Wednesday, May 1, 2013

Night Workout

It has been a while since I have done a workout in the evening but since we did not do one this morning I was kind of feeling like I wanted to tonight. We warmed up with 2 rounds:

  • 200 meter run
  • 15 plate hug squats (15/10)
  • 15 PVC arm circles
  • 30 jump rope singles
We then did the workout which was 3 rounds:

  • 30 squat cleans (95/65)
  • 30 pull-ups
  • 800 meter run
I completed this is 35:00 with 65# and did jumping pull-ups. Sarah did 2 half rounds in something like 40+. This is a hero WOD named Badger in honor of Navy SEAL Chief Petty Officer Mark Carter who was killed in Iraq on 11 December, 2007.

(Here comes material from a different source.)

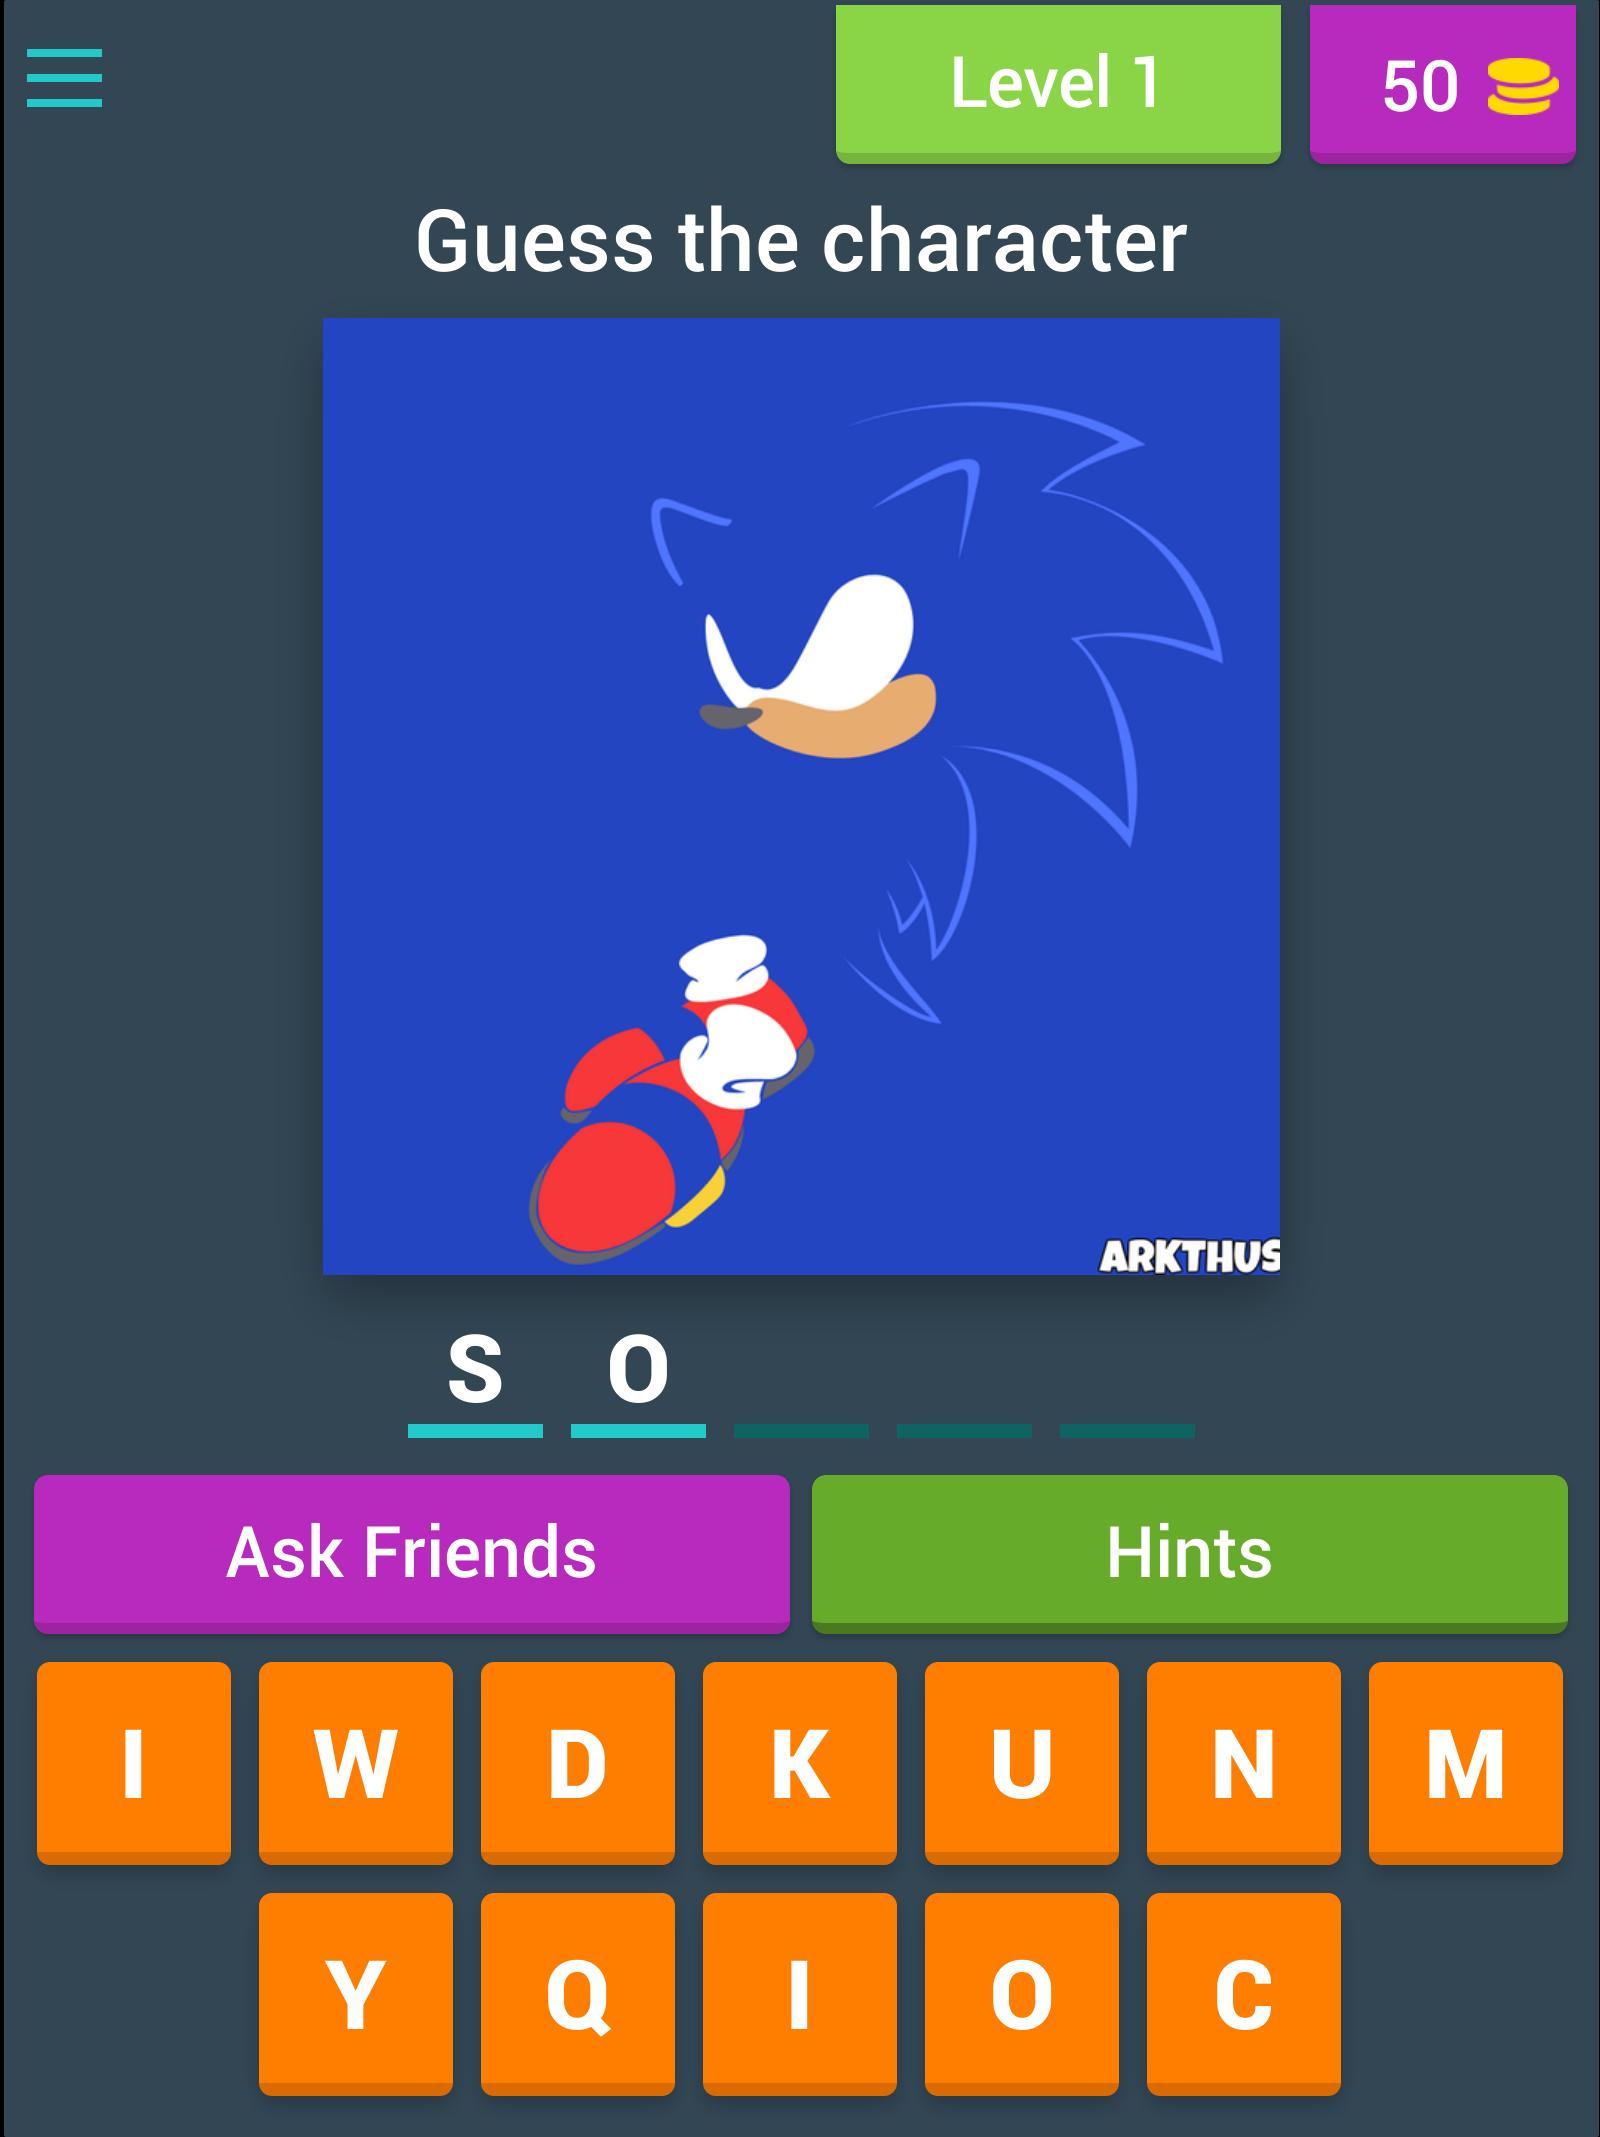 Guess Who? Video Game Edition for Android - APK Download

Still waiting on word on getting the bumper plates taken care of. Will let you know.

Tuesday Yoga

The MIL was staying at the house in the basement last night so I did not want to get up and work out down there at 0530 and wake her up. Instead I went to a 1 1/4 hour yoga class. It was very good and I think I will try to keep adding in some stretching and yoga on a regular basis. We might still do a workout tonight, I will let you know. This is one of the reasons doing this at home instead of the gym is appealing, if I can't get to the gym I am stuck but at home I can do the workout any time. I am still working with AgainFaster to try to get these bumper plates taken care of. They asked for pictures of all the plates that won't fit. I went home and set up both bars, we have a 6' and a 7' bar, and tried every plate on every position. Turns out that only the 15# plates fit everywhere. Some of the plates fit one bar and some neither but none fit all the positions. The customer service rep from AgainFaster is now asking if I have a way to measure the inside diameter of the plates. I am looking for some calipers but not having much luck. They also asked me what type of bars I have so I suspect they are thinking it is a problem with the bar not the plates. Seems to me that they are probably both off a bit since the 15# plates seem to fit no problem. My bars are both CAP bars which are not great but it seems that if they can ship some bumpers that fit they should be able to ship all bumpers that fit. alternatively, if this is a known issue they should let you know that on their site before you make the purchase, i.e. tell you they are not guaranteed to fit if you don't use their bar. The problem at this point is I can't use them. The bumpers also have a pretty strong rubber/chemical smell and they seem to leave a good bit of black on my hands when I handle them. I am not sure what that is about but not sure I like it.